▶ [COLLECTED DATA]:
====

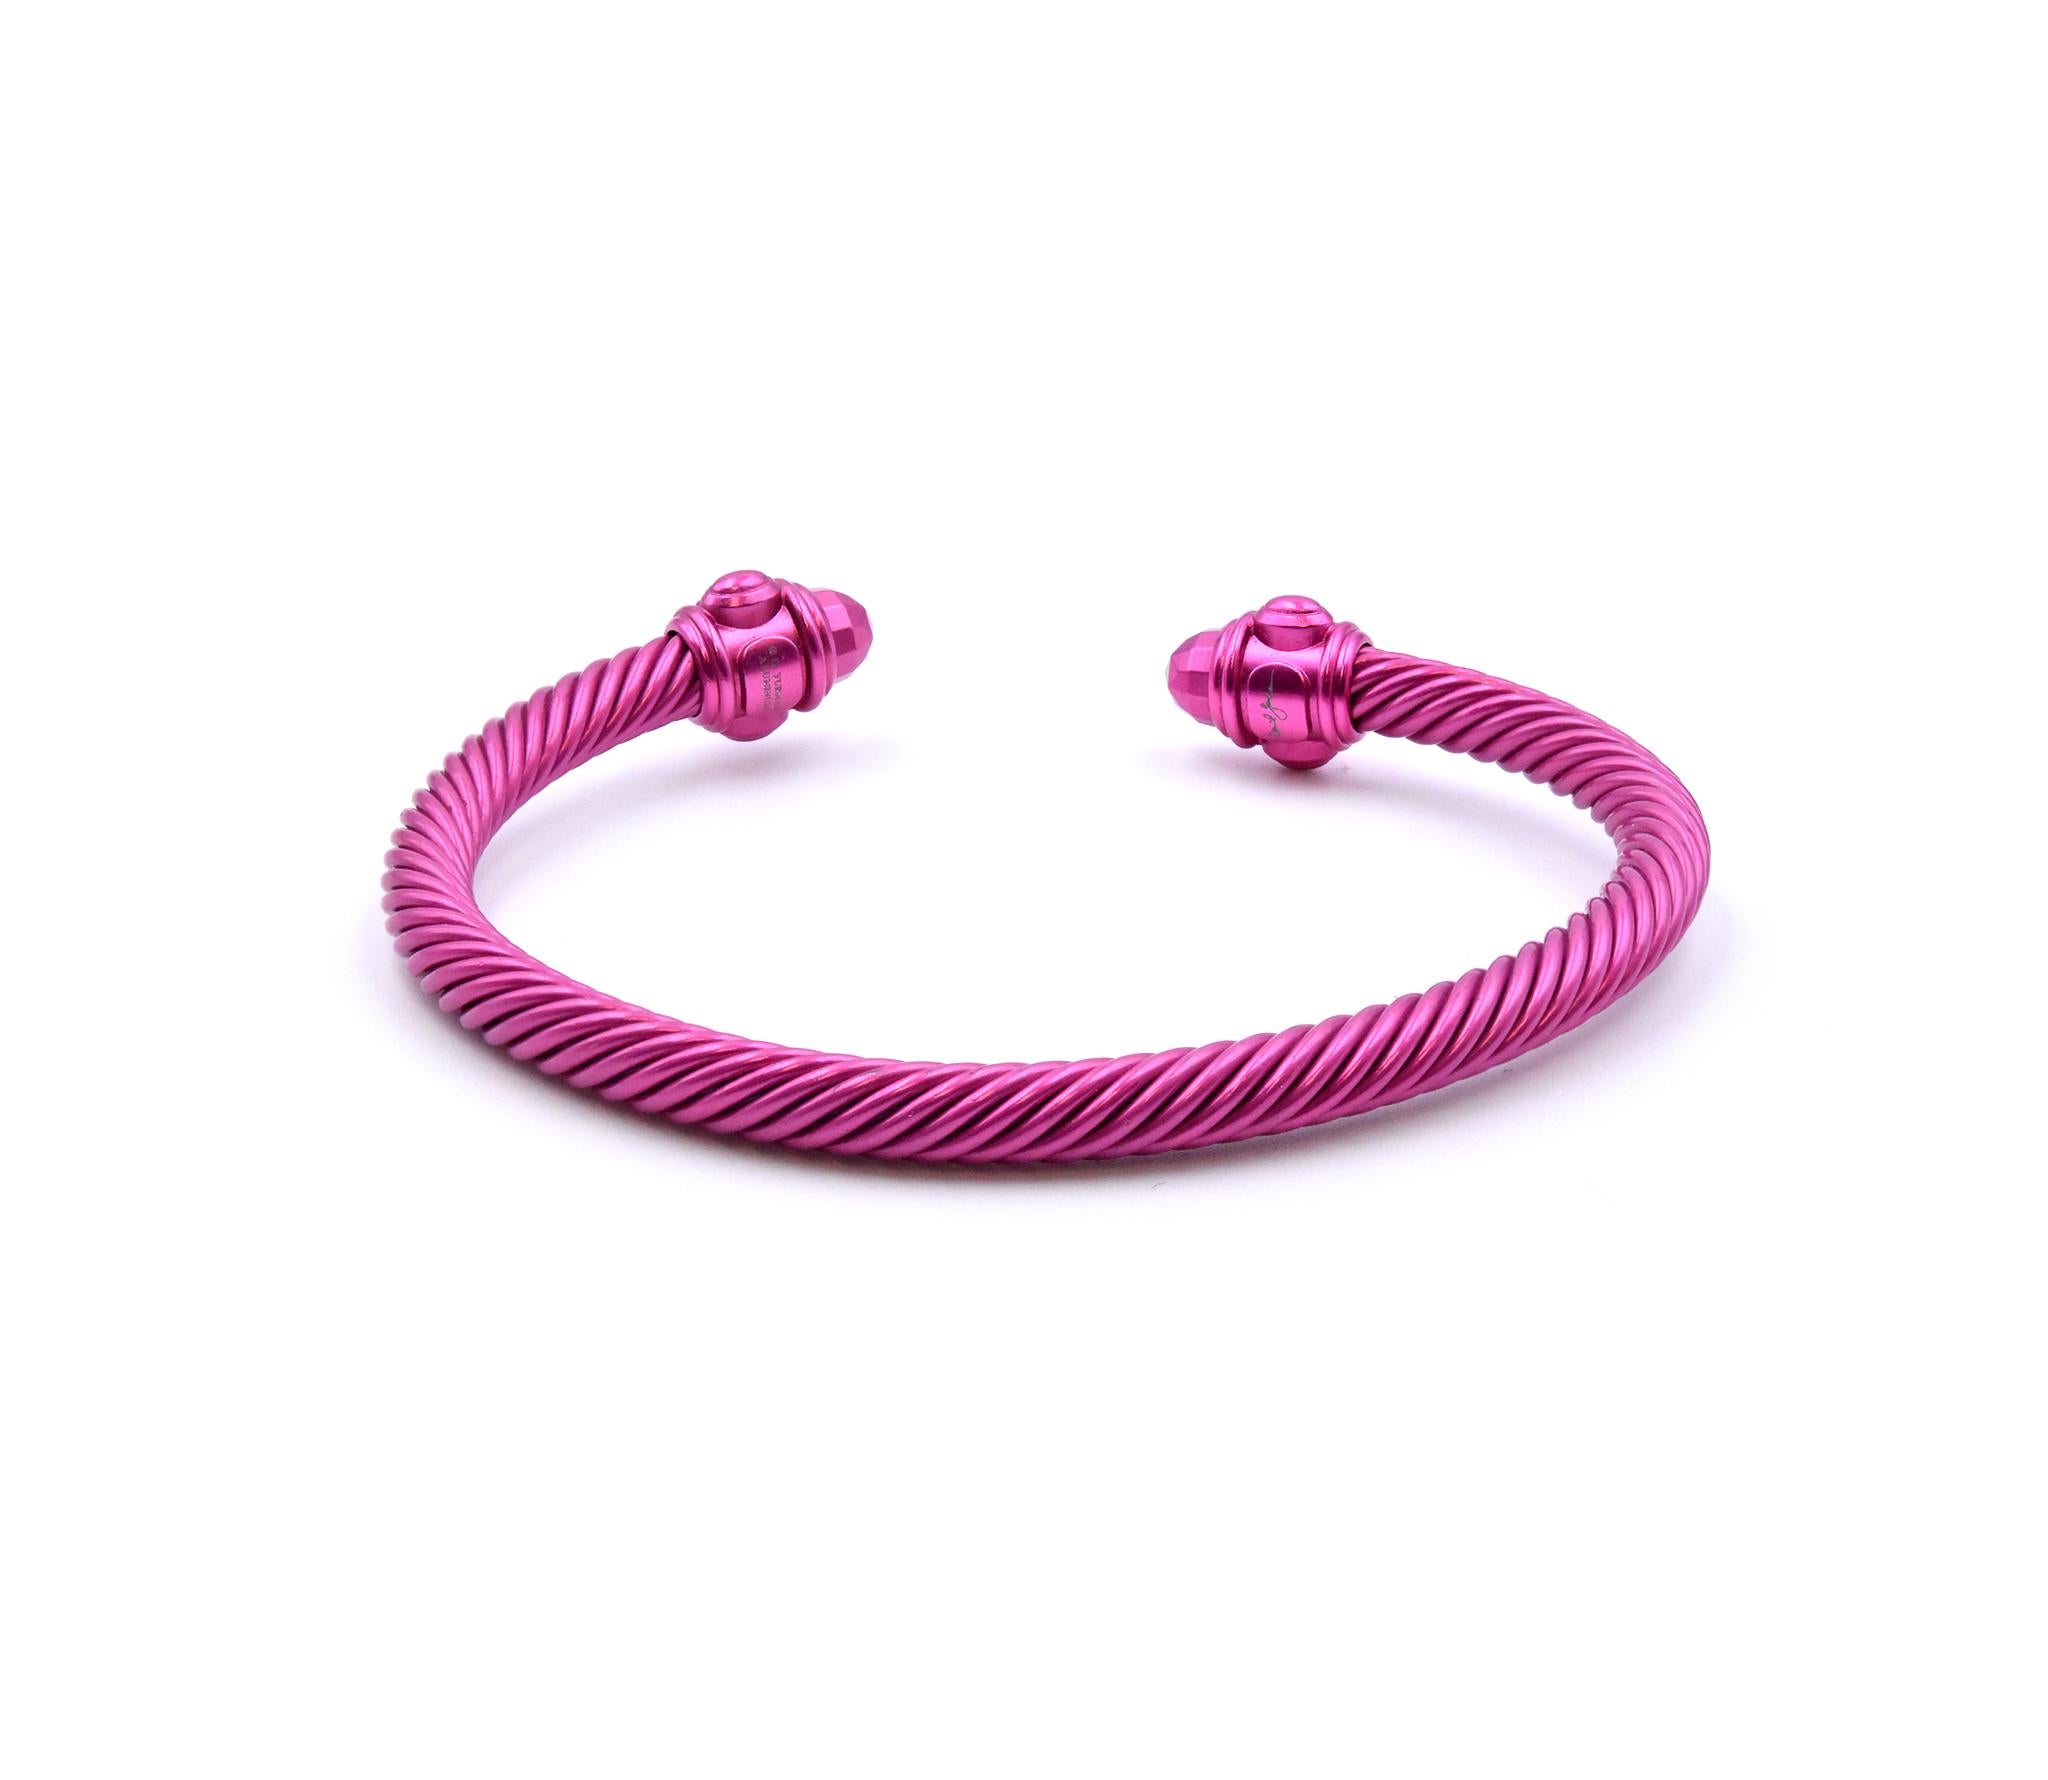 Designer: David Yurman
Material: Pink Aluminum 
Dimensions: bracelet measures 5mm
Weight: 7.68 grams

====

▶ [TASK PROMPT]: No line before the one containing "Material: Pink Aluminum" should be copied; restate that line and all the rest through the end of the data above word for word.

▶ [FINISHED TASK]:
Material: Pink Aluminum 
Dimensions: bracelet measures 5mm
Weight: 7.68 grams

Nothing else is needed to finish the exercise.